Today, thankfully, we enjoy more egalitarian social norms, and as a result, our role choices are based more on individual preference than collective convention. Fixed and flexible roles are both equally traditional, but today they are no longer separated into public and private realms, respectively, and neither are they dictated by strict gender segregation. Some of us, regardless of whether we are learning or dancing, prefer to stay in a conventionally fixed role, and others choose an unconventional one, or practice both.
Fixers: If you prefer dancing in a historically conventional gender role and are uncomfortable seeing others dance differently, try taking a broader societal view. As we now understand through decades of civil rights work, people are whom they are and love whom they love, and desire comes in all shapes, sizes, colors, and genders. Further, recognize that while desire is a beautiful thing to express through tango, it is not the only thing. In your life, you have many kinds of relationships that support and sustain you, including family, friends, lovers, and colleagues. For many, tango inspiration arises in all of these relationships, not only romantically charged ones. Just as you can respect your neighbor’s right to practice Christianity while you practice Buddhism, you can respect one couple’s preference for flexible or unconventional roles while you and your own partner have a fabulous time dancing conventionally fixed roles.

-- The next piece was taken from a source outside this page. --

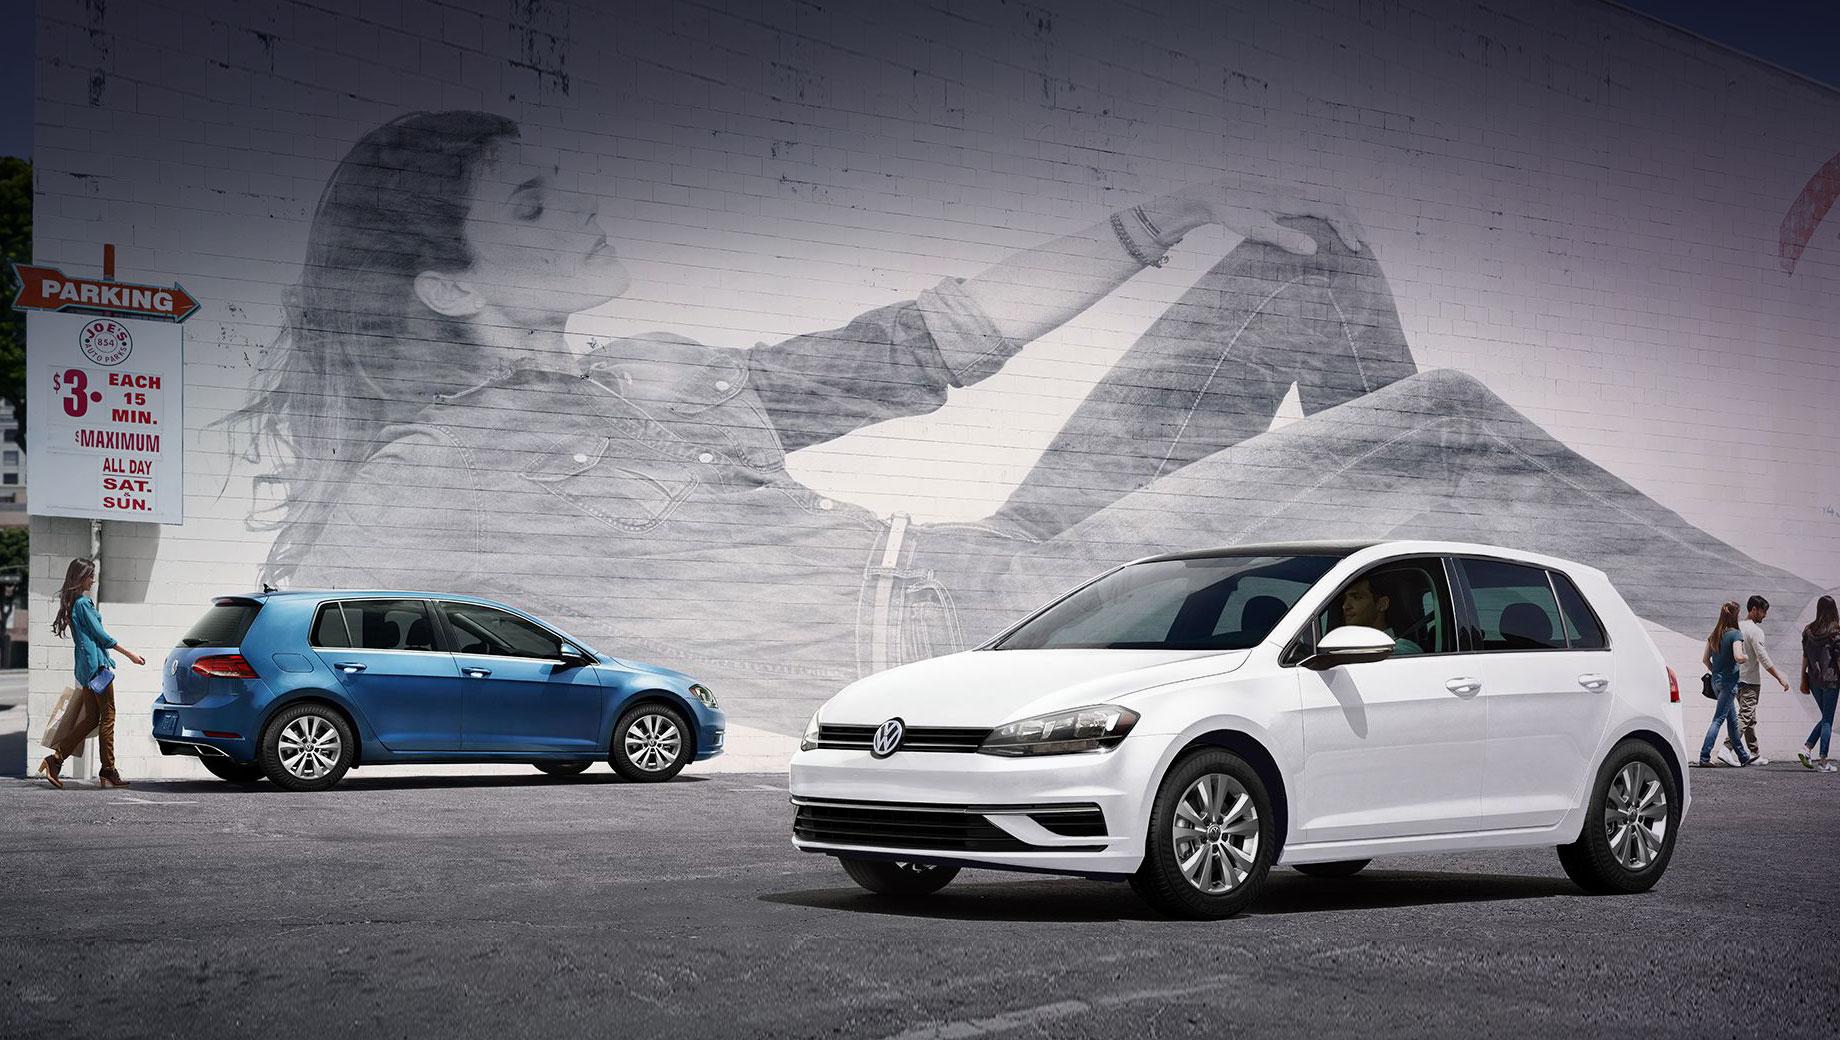 Volkswagen golf,Volkswagen golf r,Volkswagen golf gti. Сейчас «седьмой» Golf предлагается в США только с турбочетвёркой 1.4 TSI (150 л.с., 250 Н•м). Вариант при шестиступенчатой «механике» стоит от $24 190 (1,78 млн рублей), с «автоматом» Aisin на восемь передач  — от $24 990 (1,84 млн). Golf GTI (2.0 TSI, 231 л.с., 350 Н•м) «начинается» с $29 690 (2,2 млн).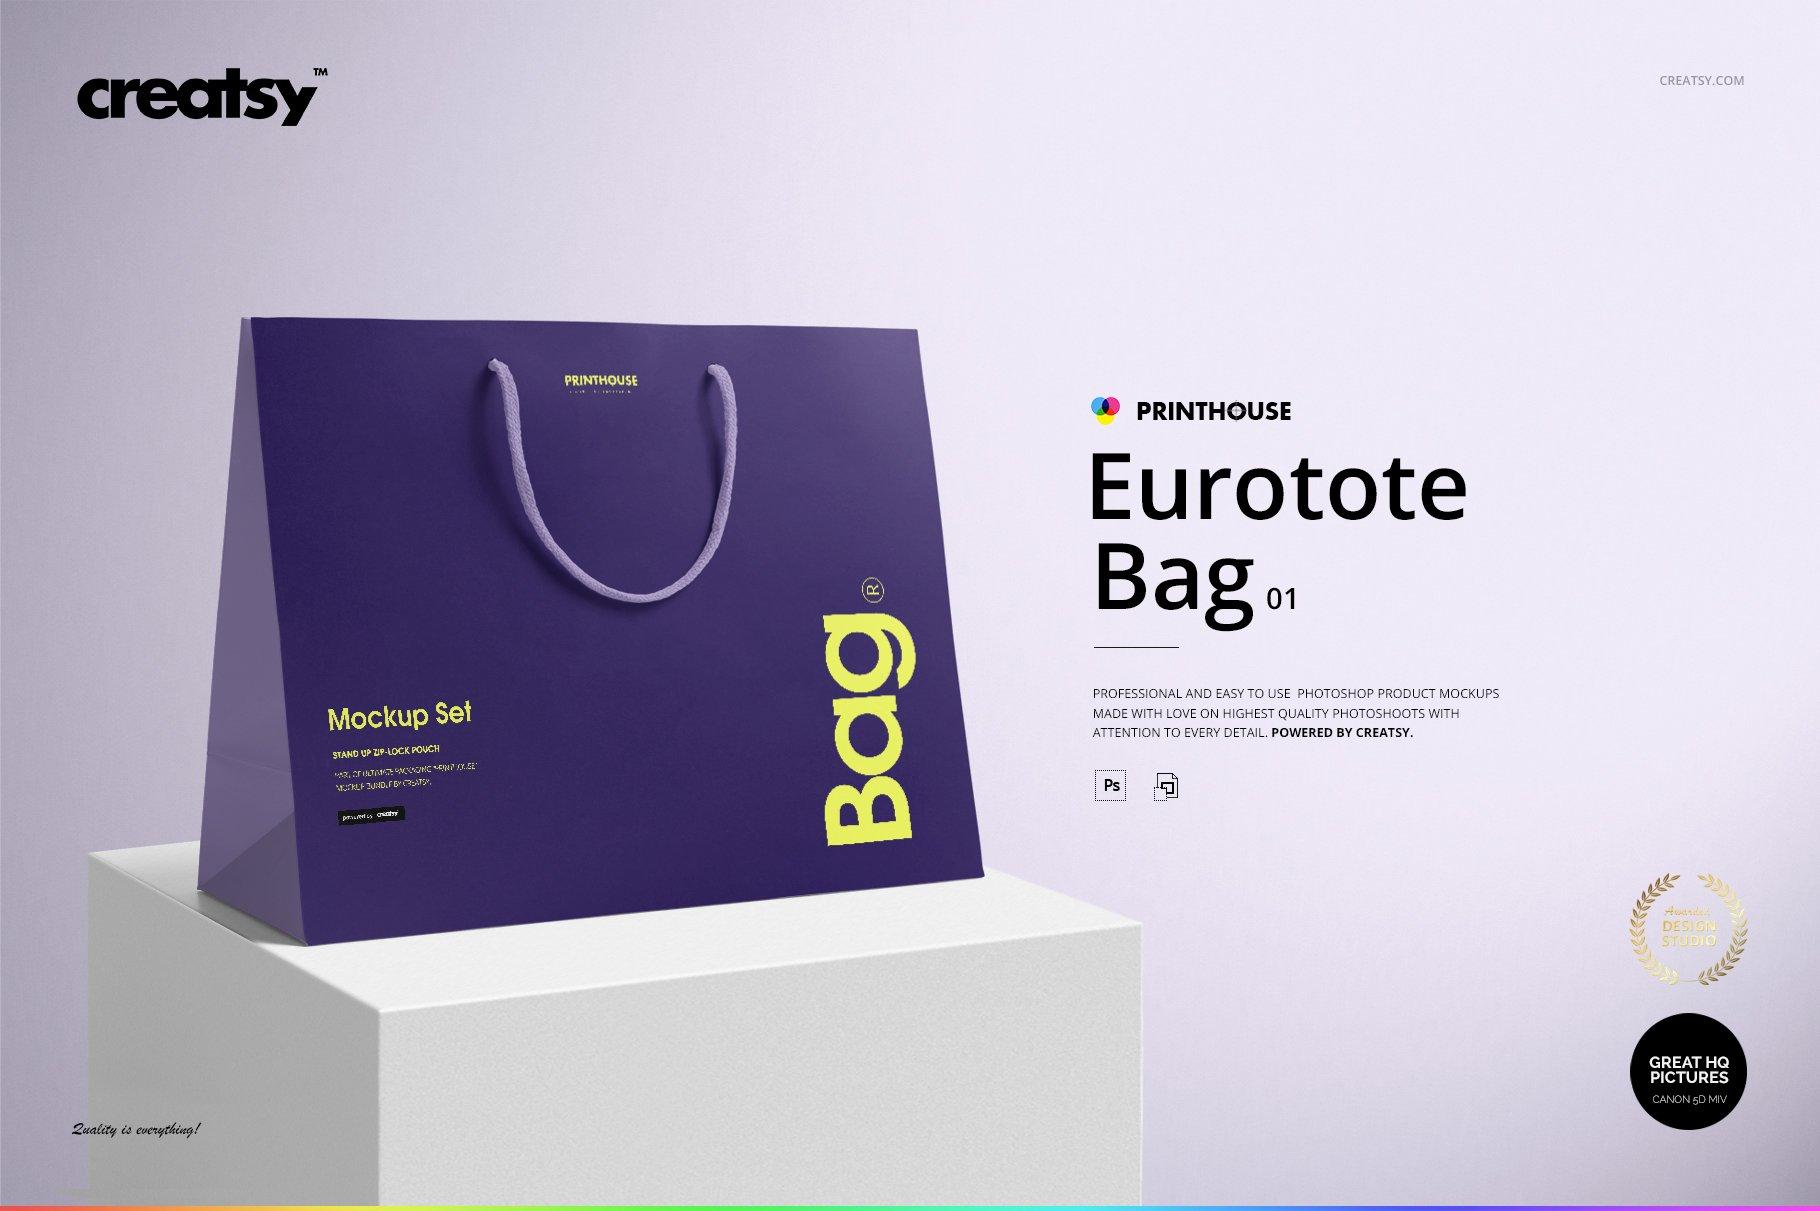 极简购物手提纸袋设计展示贴图样机PS设计素材 Eurotote Bag Mockup Set 1插图

Flexers: If you experience stress due to others’ discomfort with your role choices, know that history (and tradition) is on your side. Social art forms simultaneously reflect and reconstruct themselves as cultural values shift over time. Both reflection and reconstruction are traditional, as is the tension between them. The tango is there for all of us as a creative resource. Know, too, that an enormous segment of the contemporary tango community was built by other flexers. Male and female teachers, organizers, and performers proficient in both roles are responsible for training a substantial percentage of the current tango dancing population. They host dozens of milongas and offer hundreds of tango classes around the world. They are there for you. Find them, and be courageous about expressing your choice.
So, what do we really mean when we name the tango (or anything else, really) traditional? Are we using that term to defend a personal worldview, or to prove we are right about some technical detail? Or, more productively, are we referencing a historical legacy that truly serves us today, choosing deliberately to carry forward practices from the past that foster empathy, equality, community, and artistry? There is not only one tango, but many tangos. Which ones do we want to maintain? Which ones do we want to re-imagine?
I know that these are difficult questions, but I believe they the ones worth asking. We can ask them about the tango tradition, but we can also ask them about, say, the American tradition, or the conservative or liberal tradition. What seems clear to me is that our un-examined usage of the term traditional leads to conflict. I propose that getting clearer on what tradition means to each of us may well encourage greater understanding, tolerance, and acceptance instead. It may even result in expansion of the tango population, to more frequent and more fulfilling dancing. I think those are things that all of us can get behind!